What is required
If a line of the records contains the word "para", list it.

** Data supplied follows **

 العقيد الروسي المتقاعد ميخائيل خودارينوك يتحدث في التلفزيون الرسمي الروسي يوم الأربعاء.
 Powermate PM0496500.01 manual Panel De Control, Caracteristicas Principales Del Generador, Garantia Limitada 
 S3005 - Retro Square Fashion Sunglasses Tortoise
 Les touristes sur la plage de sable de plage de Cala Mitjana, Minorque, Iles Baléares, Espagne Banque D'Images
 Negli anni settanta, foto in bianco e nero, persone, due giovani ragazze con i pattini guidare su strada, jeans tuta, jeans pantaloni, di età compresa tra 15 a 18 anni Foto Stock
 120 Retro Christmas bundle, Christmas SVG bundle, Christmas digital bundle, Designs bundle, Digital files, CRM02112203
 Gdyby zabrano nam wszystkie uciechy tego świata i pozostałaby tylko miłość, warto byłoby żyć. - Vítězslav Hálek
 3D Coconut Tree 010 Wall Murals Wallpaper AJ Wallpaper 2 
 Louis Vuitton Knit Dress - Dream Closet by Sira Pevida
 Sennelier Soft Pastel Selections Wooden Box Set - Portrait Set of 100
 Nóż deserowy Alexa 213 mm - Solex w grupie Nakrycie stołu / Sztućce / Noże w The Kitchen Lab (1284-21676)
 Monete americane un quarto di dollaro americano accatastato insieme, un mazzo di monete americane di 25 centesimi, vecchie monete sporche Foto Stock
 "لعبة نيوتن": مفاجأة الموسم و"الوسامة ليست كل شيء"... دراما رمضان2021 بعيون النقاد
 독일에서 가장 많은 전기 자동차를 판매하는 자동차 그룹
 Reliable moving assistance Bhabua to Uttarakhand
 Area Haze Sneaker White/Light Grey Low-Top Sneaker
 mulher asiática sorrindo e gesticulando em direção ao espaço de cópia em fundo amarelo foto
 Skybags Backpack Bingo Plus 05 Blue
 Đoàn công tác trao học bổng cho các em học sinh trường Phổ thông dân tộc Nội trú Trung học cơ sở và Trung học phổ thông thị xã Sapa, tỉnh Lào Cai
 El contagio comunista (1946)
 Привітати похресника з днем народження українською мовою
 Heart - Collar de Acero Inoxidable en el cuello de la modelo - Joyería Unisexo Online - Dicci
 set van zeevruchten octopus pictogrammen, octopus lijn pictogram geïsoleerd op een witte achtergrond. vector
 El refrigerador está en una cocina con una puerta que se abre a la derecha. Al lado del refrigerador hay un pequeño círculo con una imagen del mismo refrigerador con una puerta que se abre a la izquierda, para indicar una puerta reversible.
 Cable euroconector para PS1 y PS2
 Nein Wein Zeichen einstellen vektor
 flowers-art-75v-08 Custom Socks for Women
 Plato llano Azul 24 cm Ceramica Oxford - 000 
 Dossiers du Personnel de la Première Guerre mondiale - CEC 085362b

** End of Data supplied **

Solution to this exercise
 El refrigerador está en una cocina con una puerta que se abre a la derecha. Al lado del refrigerador hay un pequeño círculo con una imagen del mismo refrigerador con una puerta que se abre a la izquierda, para indicar una puerta reversible.
 Cable euroconector para PS1 y PS2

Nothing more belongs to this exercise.